5. The imaging apparatus according to claim 4, wherein the weighting coefficient is increased as the distance between the target unit pixel unit and the adjacent unit pixel unit is shorter.
The color image generating unit changes the weighting coefficient according to a difference or ratio between a luminance signal of a visible light component detected by the same adjacent unit pixel unit and an infrared light signal. The imaging device according to claim 4, wherein:
The color image generating means increases the weighting coefficient when the luminance signal in the visible light component is greater than or equal to the infrared light signal, and when the luminance signal in the visible light component is smaller than the infrared light signal. The imaging apparatus according to claim 6, wherein the weighting coefficient is decreased.

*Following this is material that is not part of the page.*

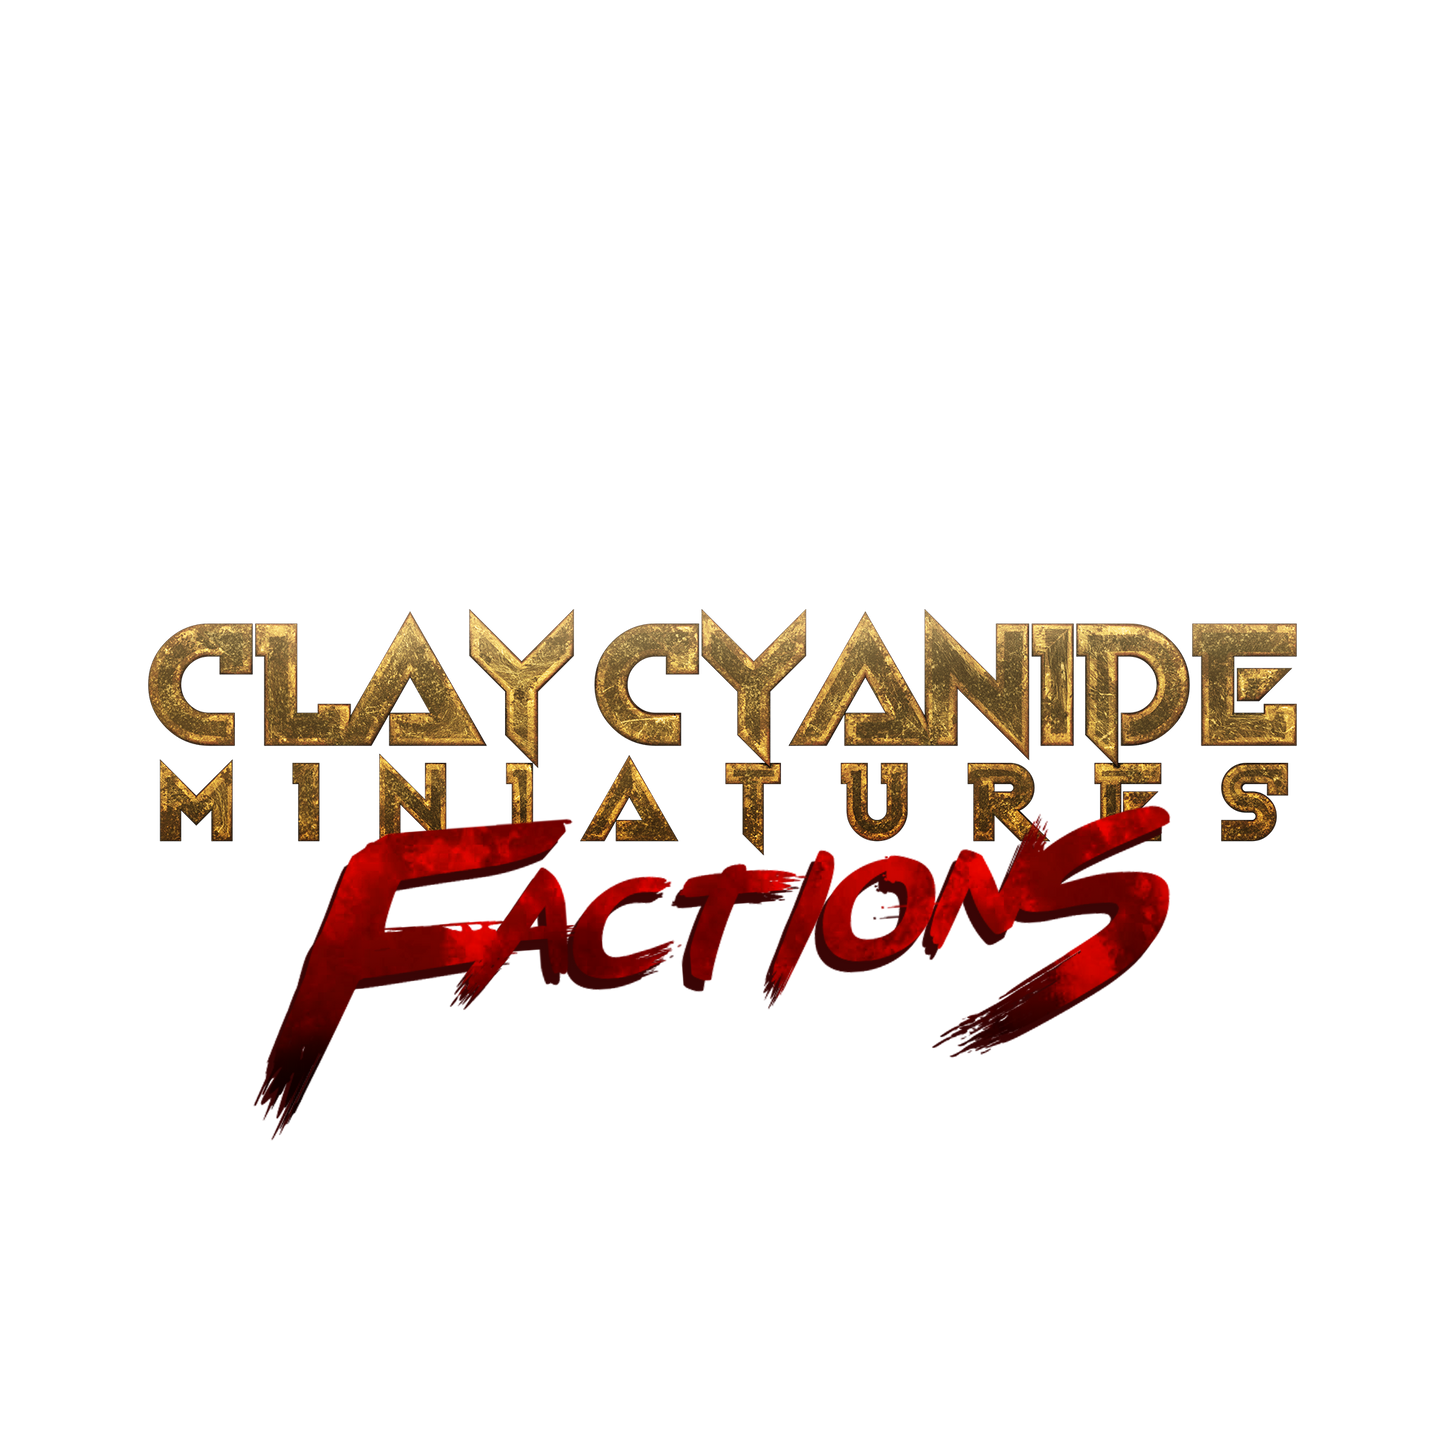 Salbatuta von der Faction der Thorjacks von Clay Cyanide Miniaturen für Brettspiele und RPG

The color image generation means sets the weighting coefficient to 1 when the luminance signal in the visible light component is larger, and sets the weighting coefficient to 0 when the infrared light signal is lower. The imaging apparatus according to claim 6 or 7, wherein
The proximity unit pixel unit is located within a predetermined range centered on the unit pixel unit of interest, and the color image generation unit is configured such that the luminance signal in the visible light component is the infrared light signal within the predetermined range. 9. The imaging apparatus according to claim 2, wherein the predetermined range is expanded when the number of the unit pixel units is less than a predetermined number. 10.
The color image generation unit divides the imaging surface of the solid-state imaging device into a plurality of blocks, and an average value of luminance signals and an average value of color difference signals in a visible light component detected from the unit pixel unit for each block; An average value of the infrared light signal is obtained, and instead of the color difference signal detected by the adjacent unit pixel according to the distance between the target unit pixel portion and the block around the block including the target unit pixel portion. 10. The nominal color difference component of the unit pixel portion of interest is derived by weighting each average value of color difference signals in the surrounding blocks and performing weighted averaging. The imaging device according to item.
The color image generation means is arranged so that the adjacent unit pixel is only in the case where the average value of the luminance signal in the visible light component of the block including the unit pixel unit of interest is lower than the average value of the infrared light signal of the same block. The image pickup apparatus according to claim 10, wherein weighted averaging is performed by weighting each average value of the color difference signals in the surrounding blocks instead of the detected color difference signal.